* [Your instructions]:
Find the line with "Greek salad on" in the data below. Repeat it and every line after it exactly, but not the pictures.
** Opening Information provided block **
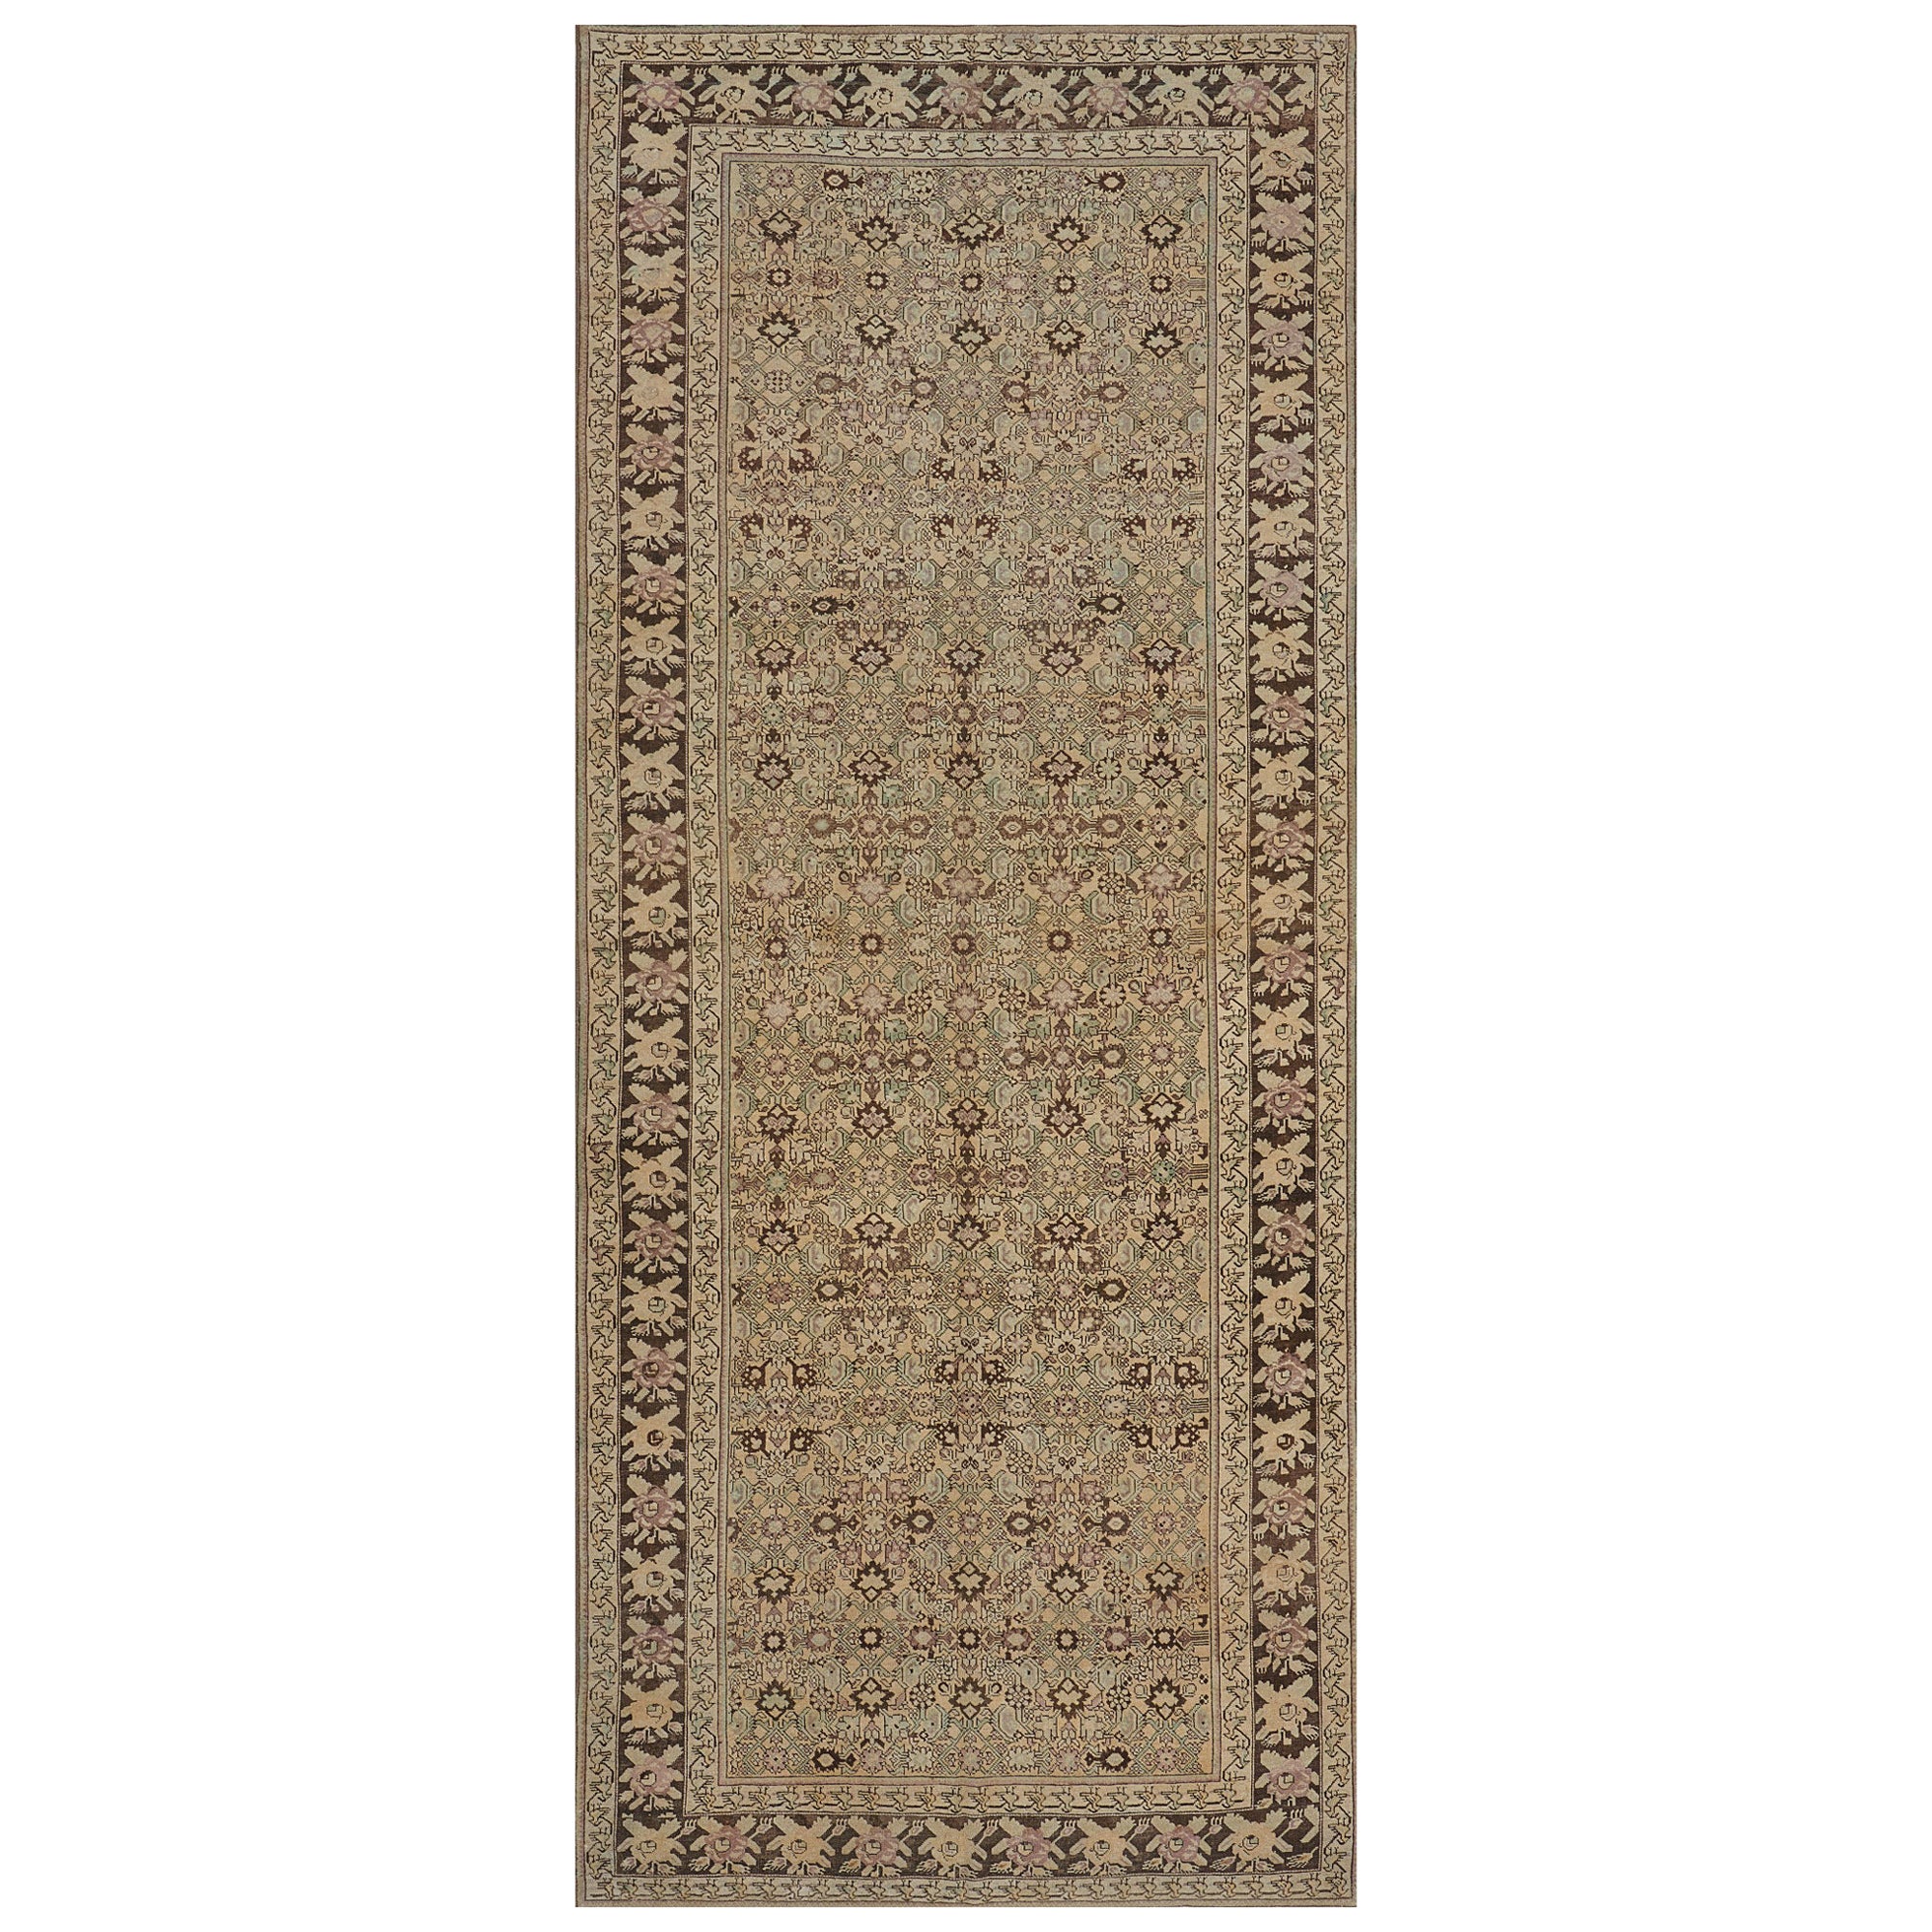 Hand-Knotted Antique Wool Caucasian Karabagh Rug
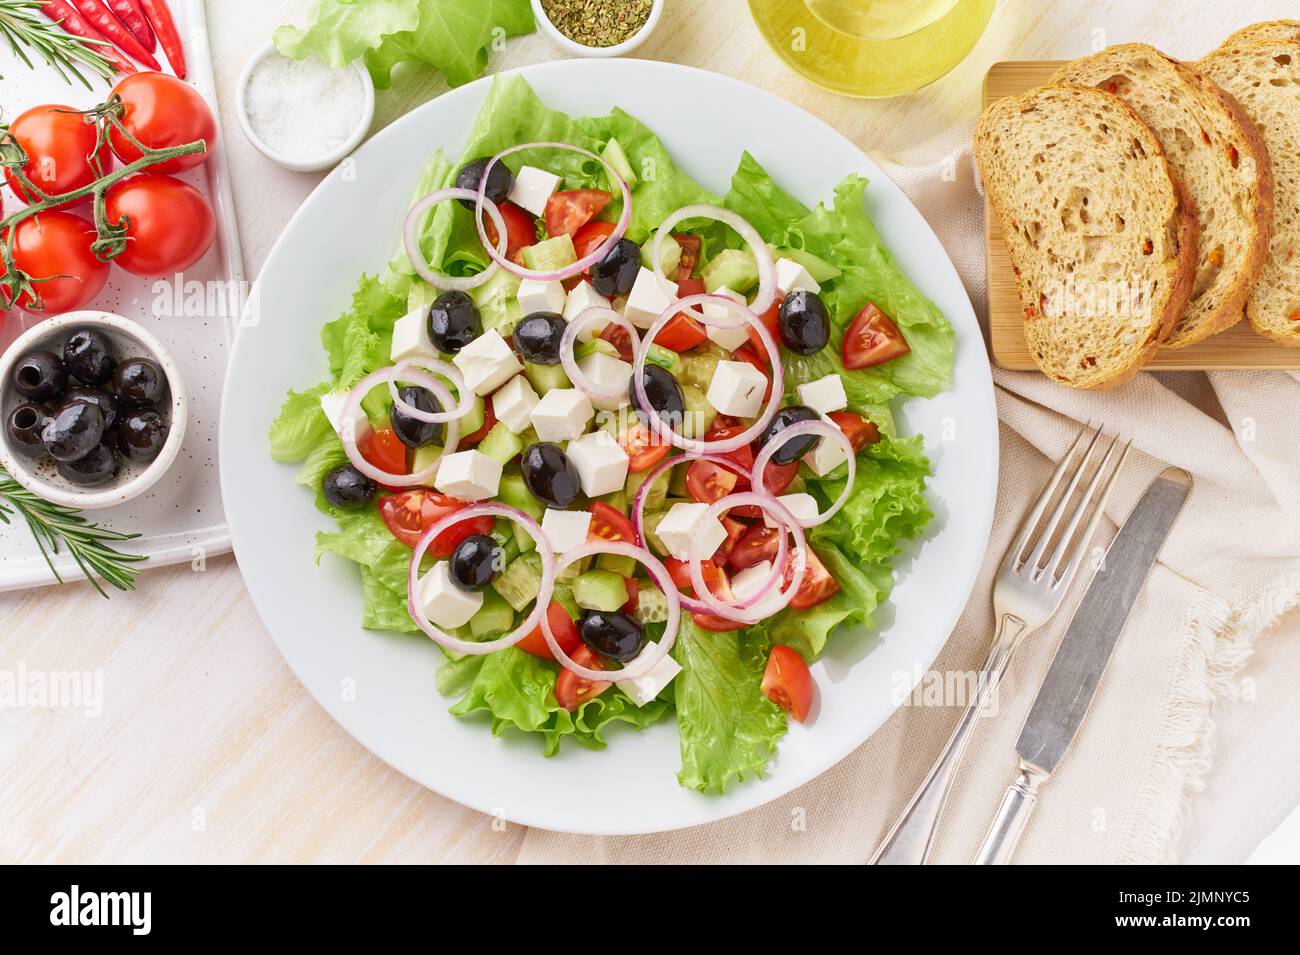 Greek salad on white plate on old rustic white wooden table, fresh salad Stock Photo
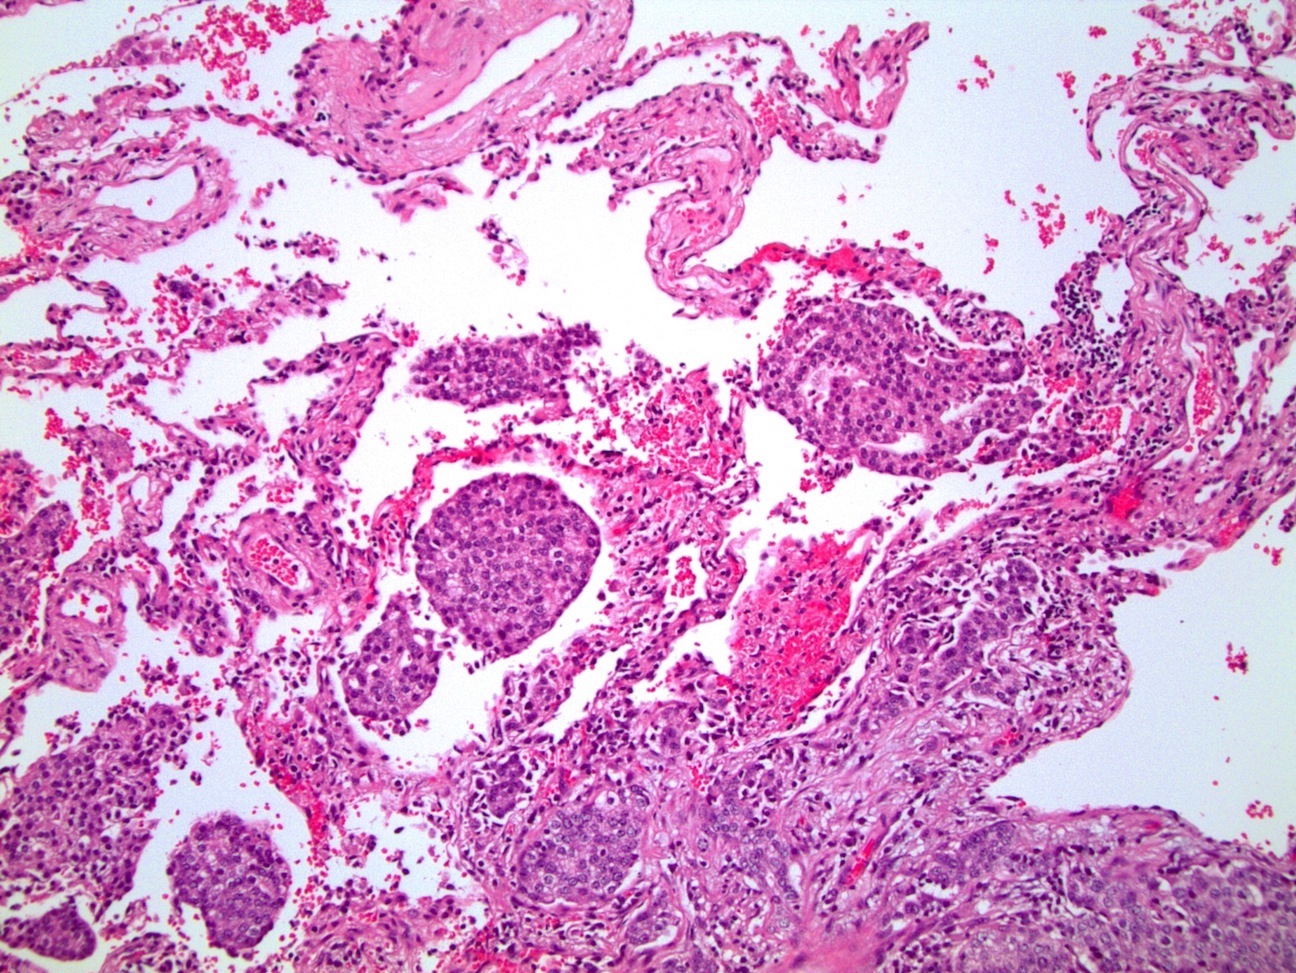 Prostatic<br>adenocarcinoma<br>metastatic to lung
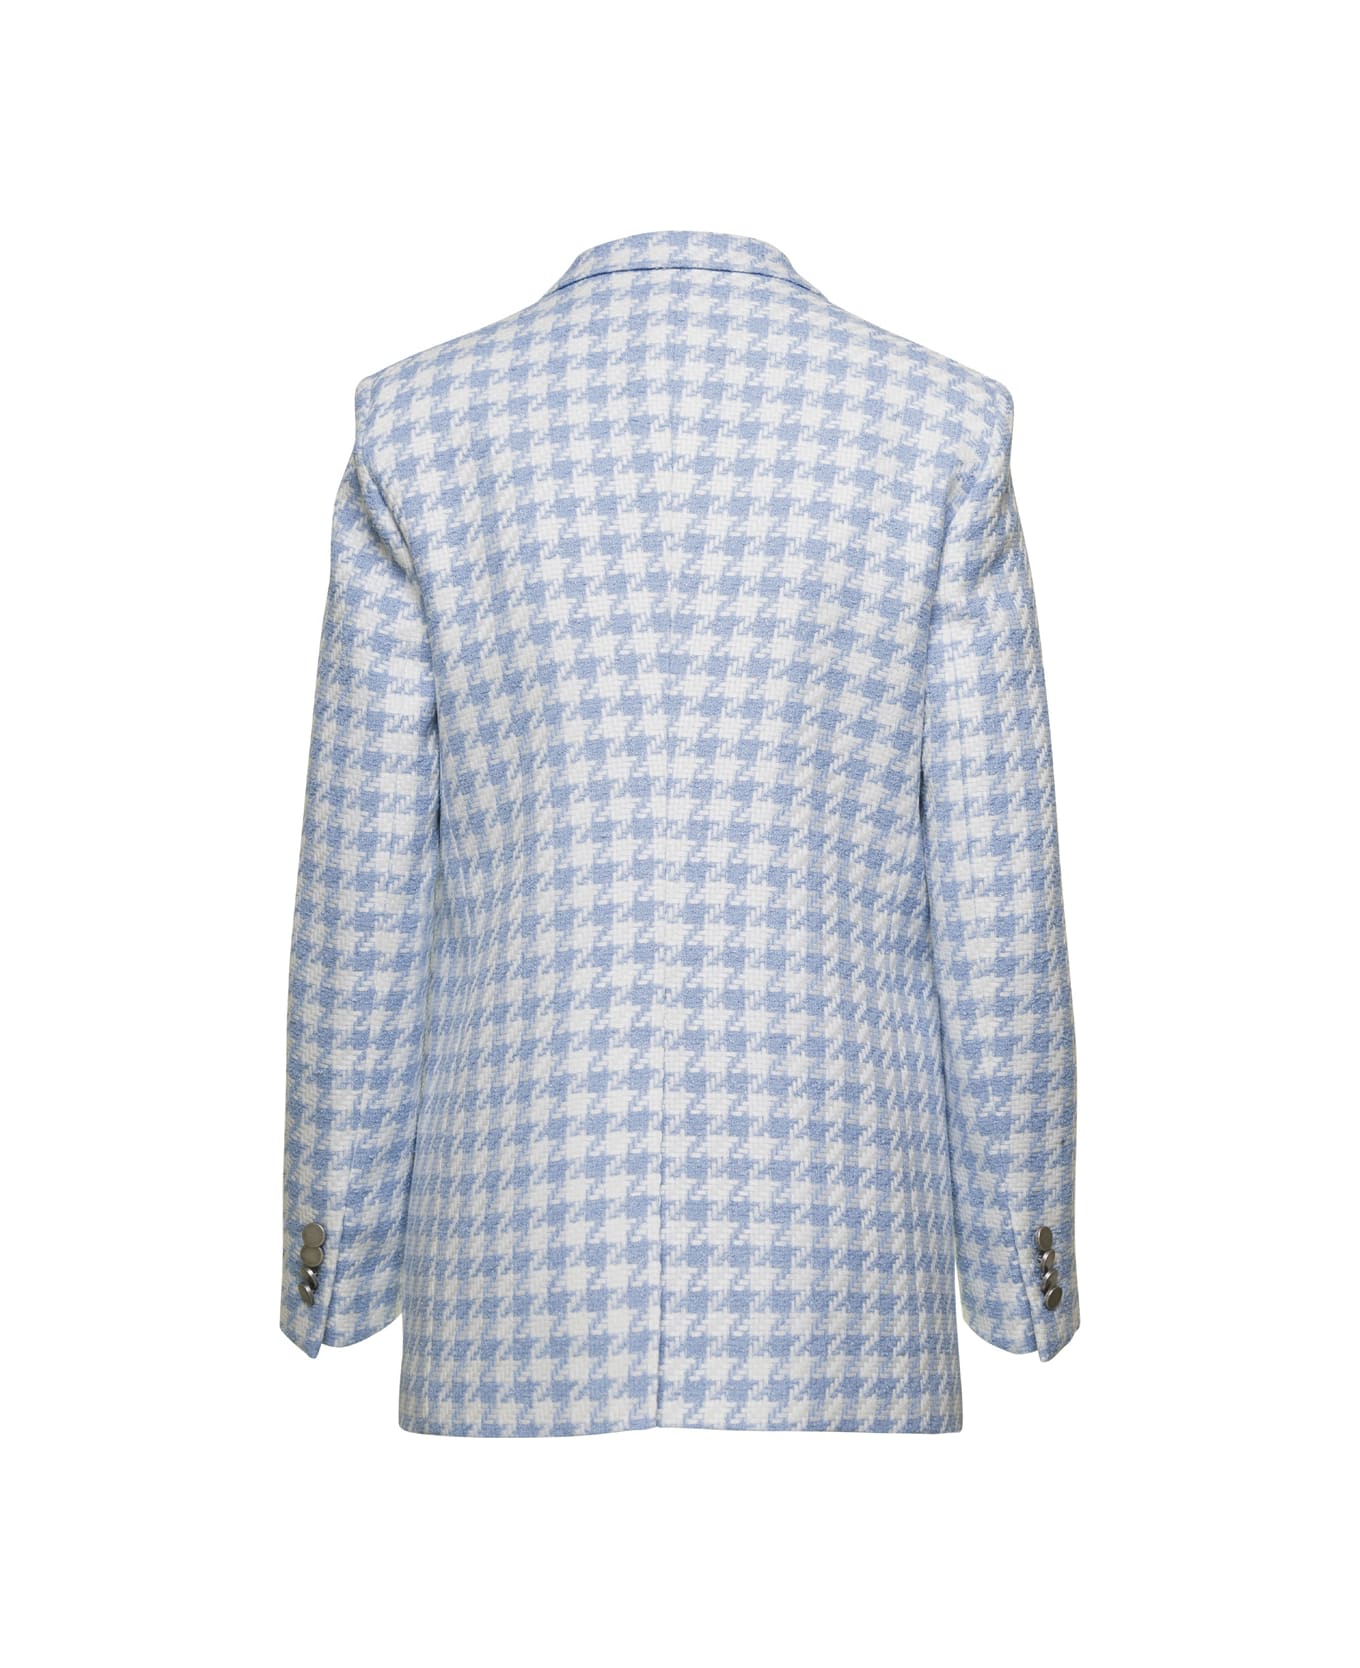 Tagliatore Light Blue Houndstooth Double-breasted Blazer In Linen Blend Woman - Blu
** Closing Information provided block **
* [Exercise answer]:
 Greek salad on white plate on old rustic white wooden table, fresh salad Stock Photo
 Prostatic<br>adenocarcinoma<br>metastatic to lung
 Tagliatore Light Blue Houndstooth Double-breasted Blazer In Linen Blend Woman - Blu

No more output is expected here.